To squash the oldest three commits together, we will use the s marker and store the file:

pick 788efd9 Add argument to installation script
s 0608893 Installation script: fix typo in new argument
s 80d3234 Add second argument and update README
pick 08c4be3 Update dockerfile

Now, a new file with the following text appears:

# This is a combination of 3 commits.
# This is the 1st commit message:

Add argument to installation script

# This is the commit message #2:

Installation script: fix typo in new argument

# This is the commit message #3:

Add second argument and update README

We can now write a new, improved commit message for the three commits:

Add two new arguments to the installation script

- Argument 1 is used to set the path for library X
- Argument 2 is used to set the path for library Y
- README was updated

After confirming the changes, we can contently look at our our new and improved series of commits:

commit b4de4805ba528c5124d3842cbe04efb3f0021af5 (HEAD)

    Update dockerfile

commit fa50568a6f1e96094eb4999ad10ea73f5ffb0c55

    Add two new arguments to the installation script

Now that we’re finished, let’s consider a situation in which you should never use rebase.

When not to use rebase

The major caveat of rebasing is that you are replacing existing commits with new commits, which can have serious consequences when you’re working in a team. Therefore, the golden rule is that you should never use rebase when your commits are used by other developers.

Let’s consider the following example where we have two developers, Dev A and Dev B, whose merge base is the shared commit 2S:

commit 3A                           commit 3B
  |                                    | 
commit 2S-------------------------------
  |
commit 1S
  |
master

Since Dev A is not happy with commits 2S and 1S, he makes some modifications and squashes the commits, thereby creating a new commit, commit R.

commit 3A                           commit 3B
  |                                    | 
commit R                            commit 2S
  |                                    |
  |                                 commit 1S
  |                                    |
master----------------------------------

After Dev A forcefully pushes his work to the master, Dev B merges his commits 1S, 2S, and 3B:

merge_commit----commit 3B
  |                |
commit 3A       commit 2S
  |                |
commit R        commit 1S
  |                | 
old_master----------

The problem here is that Dev B reintroduces the changes that Dev A explicitly didn’t want to have in the master, namely commits 1S and 2S. Assuming that Dev B was aware about the fact that Dev A had performed a rebase, his best course of action would have been to cherry-pick his new commit 3B onto the master rather than merging all of his commits. Most importantly, the whole problem would not have arisen if Dev A had never performed the rebase.
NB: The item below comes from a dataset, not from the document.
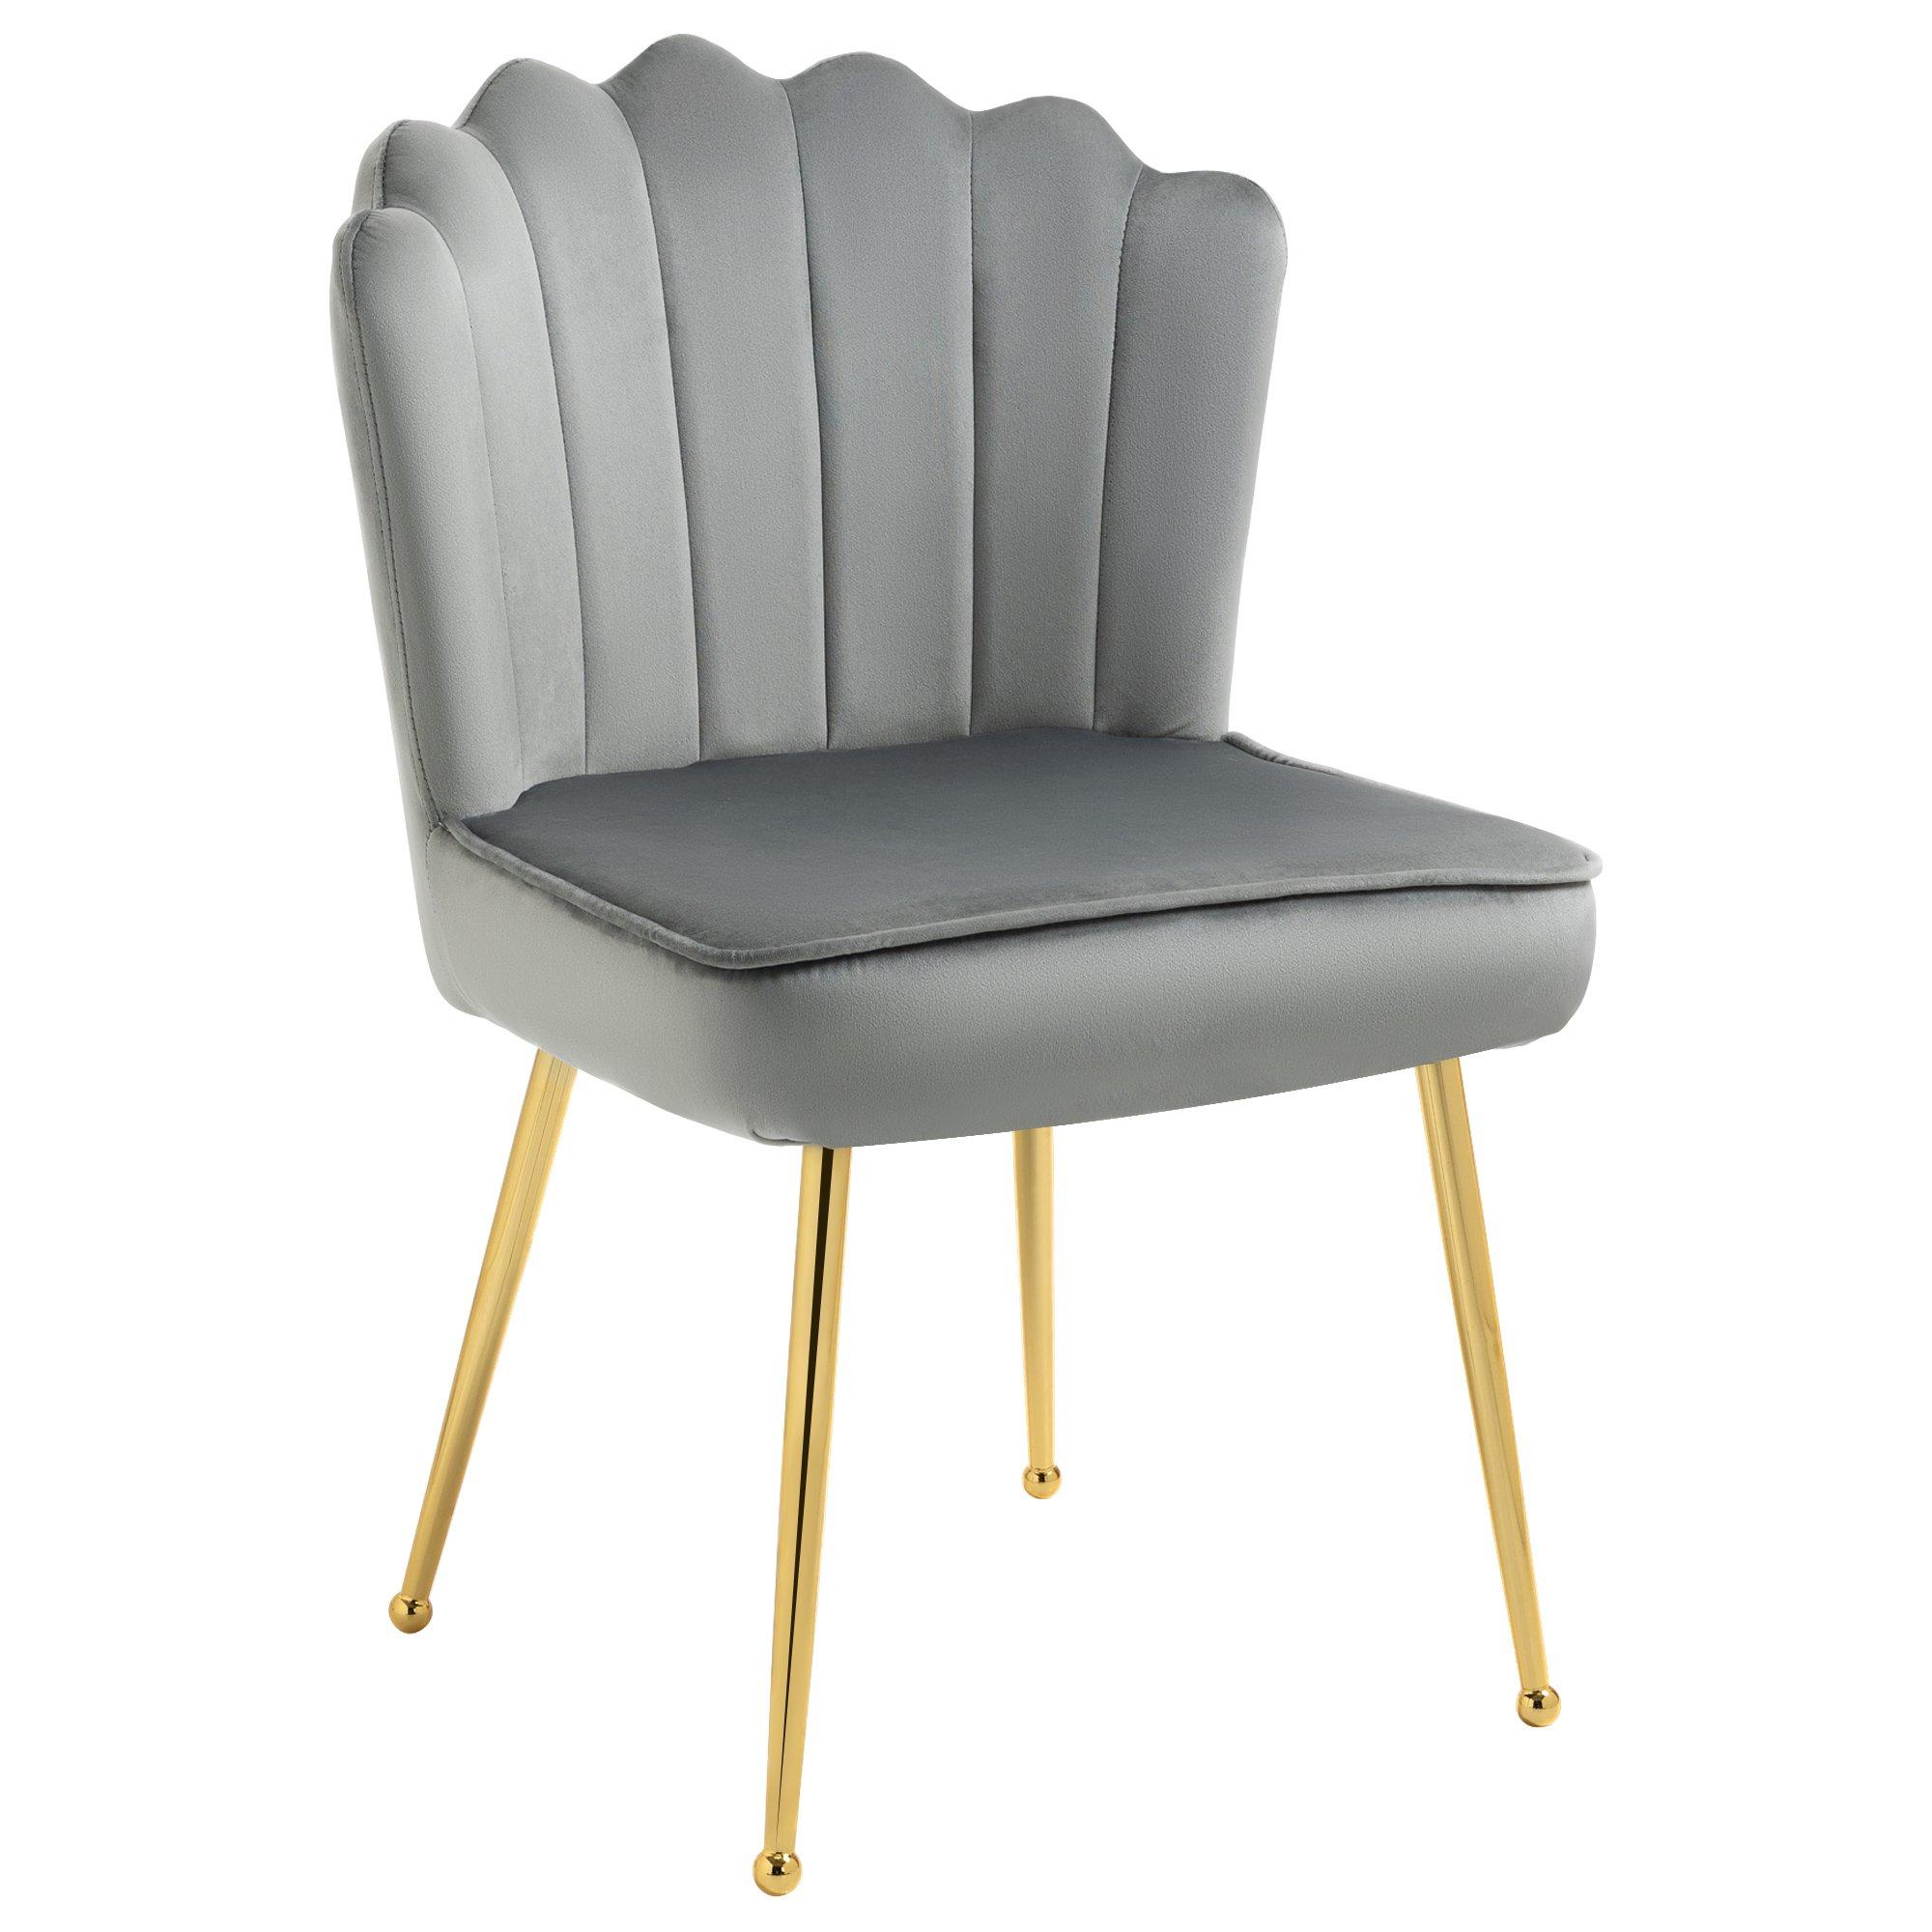 Velvet-Feel Shell Luxe Accent Chair Home Bedroom Lounge

In this artificial example, the problem does not look too bad. However, in a real project, multiple developers would be affected and it would be extremely time-consuming to prevent a corruption of the master branch. So, as a general rule, just refrain from using rebases on commits that are used by others.

Why do we want to have well-structured commits?

One question you may ask is, why do we have to go through all of this work just to restructure your commits. The three most important reasons are:

Performing code reviews becomes highly cumbersome with bloated commits because the reviewer will have a hard time understanding the intentions of the changes.
Reverting individual changes becomes impossible: when a large commit leads to a problem, it has to reverted as a whole.
With a clean commit history, developers can quickly scan the git log to find out about recent developments.

Let me know if you know other reasons why you’d want to have a clean commit history.